Я знаю, что после того как он заставил замолчать ораторов, лишил народ избирательного права и сосредоточил в своих руках всю государственную власть, назначенный им сенат, исчерпав лесть, торжественно присудил ему титул Освободителя и вотировал воздвижение Храма Свободы. Если именно против этой свободы Цицерона и его друзей обвиняют в том, что они взяли в руки оружие, я полагаю, защита их от этого обвинения не стоит труда.

Назовем вещи своими именами. Цезарь трудился ради себя, а не ради народа, и Цицерон, выступая против него, полагал, что защищает республику, а не привилегии аристократии.

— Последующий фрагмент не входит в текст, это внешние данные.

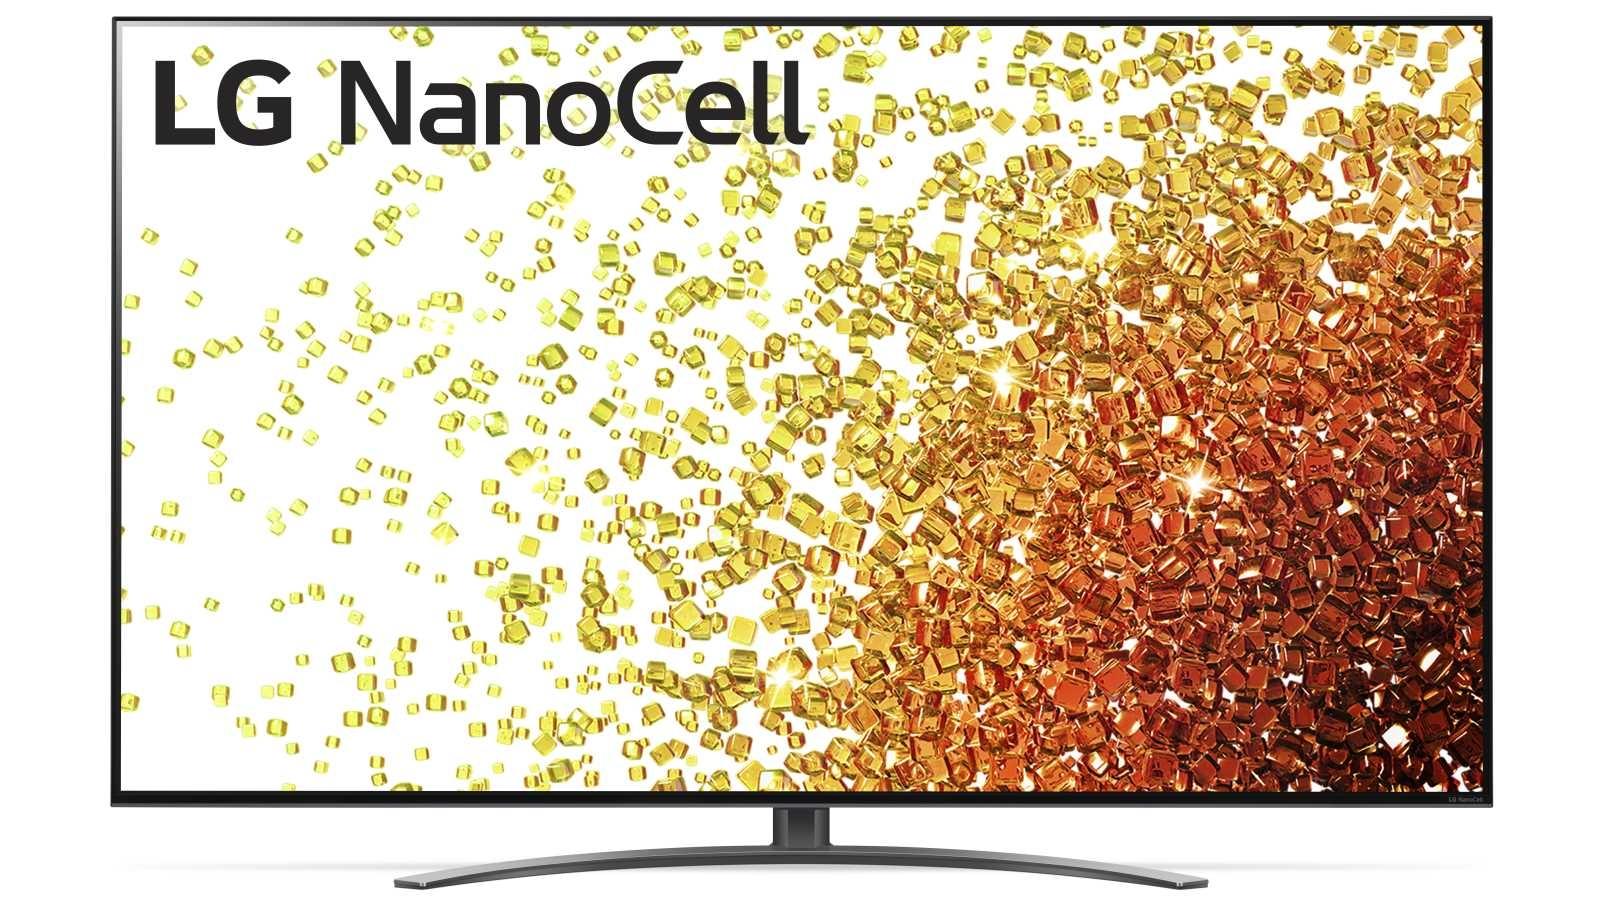 Image of LG 86-inch Nano91 4K UHD NanoCell LED LCD Ai ThinQ Smart TV

Но заслуживала ли эта республика защиты? Была ли надежда ее сохранить? Не было ли очевидно, что ее крушение неизбежно? Таково величайшее обвинение, предъявляемое тем, кто последовал за партией Помпея. Признаю, на него непросто ответить. Зло, от которого страдал Рим и которое проявлялось в тех беспорядках и насилии, чью печальную картину являют письма Цицерона, не принадлежало к числу тех, что можно предотвратить несколькими мудрыми реформами. Оно было древним и глубоким. Оно усугублялось с каждым днем, и ни один закон не был способен предупредить или остановить его. Можно ли было надеяться исцелить его теми незначительными переменами, что предлагали смельчаки? Какой толк был в уменьшении, как того желали, привилегий аристократии и увеличении прав плебеев? Сами истоки общественной жизни были серьезно подорваны. Зло коренилось в самом способе приобретения гражданства.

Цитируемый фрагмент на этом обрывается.